Она стояла передо мной в своем белом просторном балахоне, его тоненькие бретельки струйками стекали по ее плечам цвета дикого меда и медовые руки текли по белому платью. Какое дело? При чем тут дело? Какая связь между каким-то делом и этими руками цвета дикого меда?
— Какое дело? — повторил я.
— Пойдем поговорим со стариком, — сказала Зюка.
Старик мгновенно стряхнул с себя задумчивость, едва мы приблизились.
— Вы интересуетесь тем взрывом? — быстрым говорком зачастил он. — Я вам расскажу. Никто не знает того, что знаю я. Там сзади есть еще ход. Вы слышали? Урания прошла через него, чтобы никто не видел, как она входила.
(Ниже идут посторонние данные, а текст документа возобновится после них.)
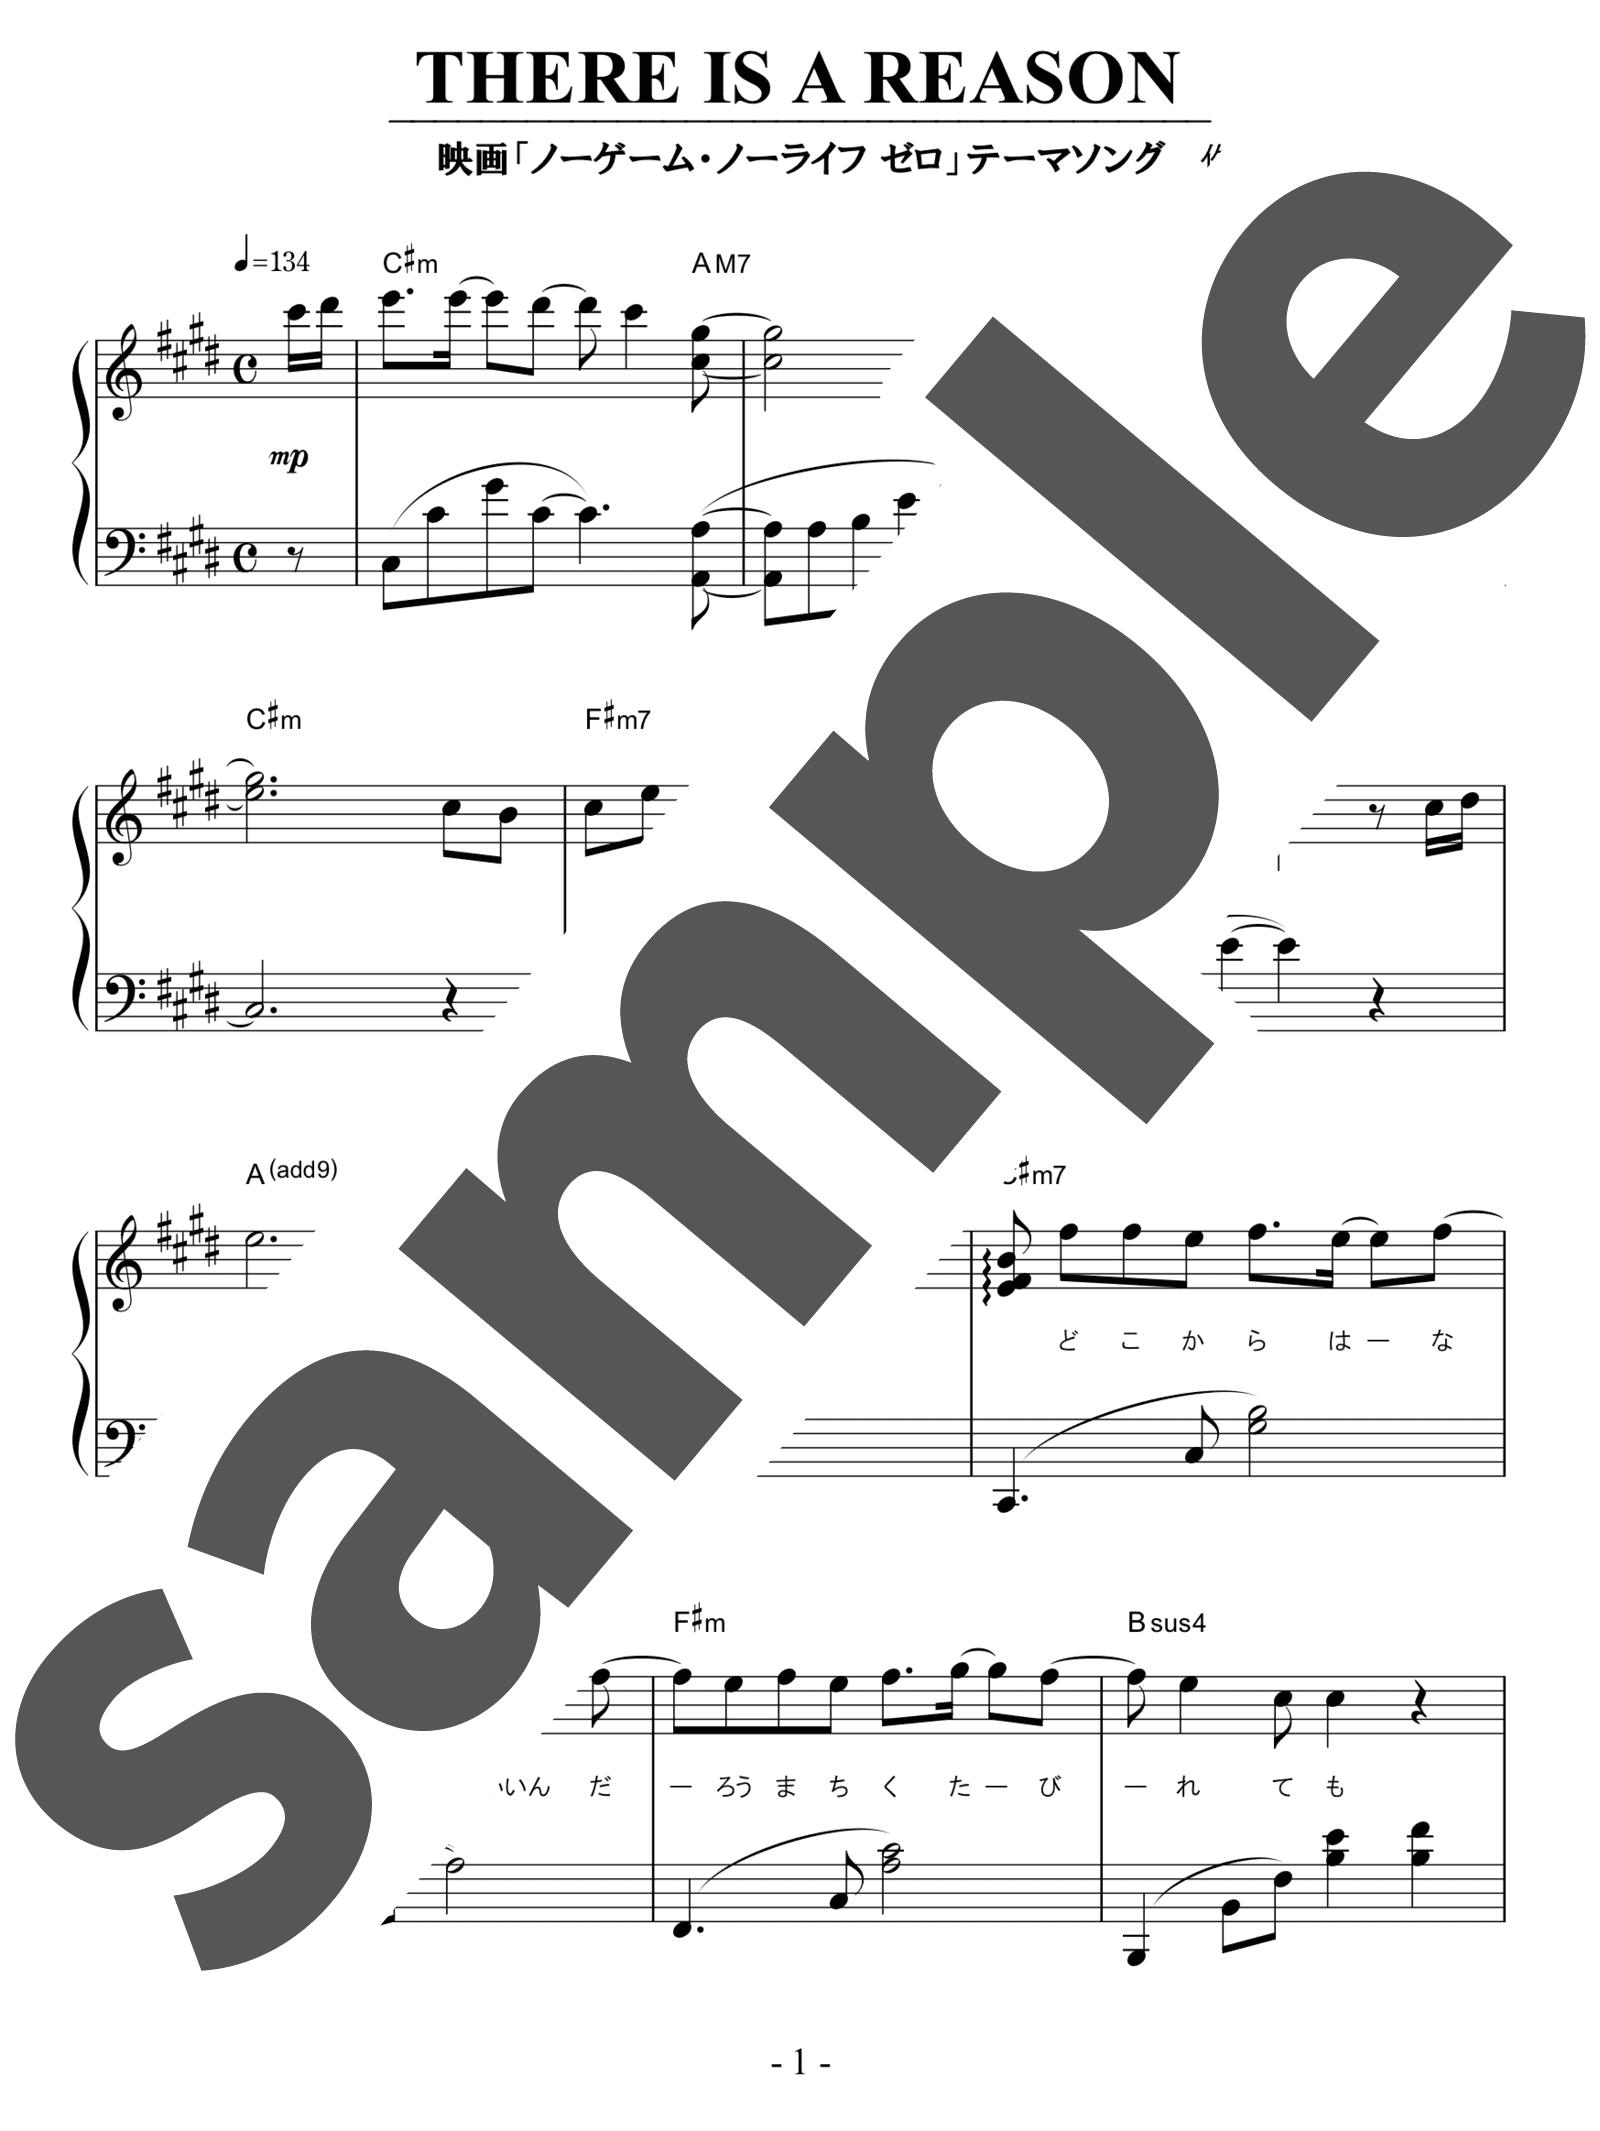 「THERE IS A REASON」のサンプル楽譜

Она пришла и сказала: «Как ты мог уйти без меня? Неужели ты думаешь, что если с тобой что-то случится, я хоть минуту останусь жить?» Они провели там ночь, и это была их первая ночь вместе, брачная ночь, если хотите… А когда нужно было уходить, Костас хотел уйти потом, сначала пусть уйдет она. Да, да, он хотел, чтобы она ушла, он один хотел взорвать склад. Она сама сказала: «Не уйду. Уходи первым ты». Это точно.
— Откуда это вам известно? — спросил я.
Старик подобрал под себя ноги в грубых шерстяных носках и кособоко взглянул на нас снизу вверх:
— А как же? Я же был лучшим другом Костаса.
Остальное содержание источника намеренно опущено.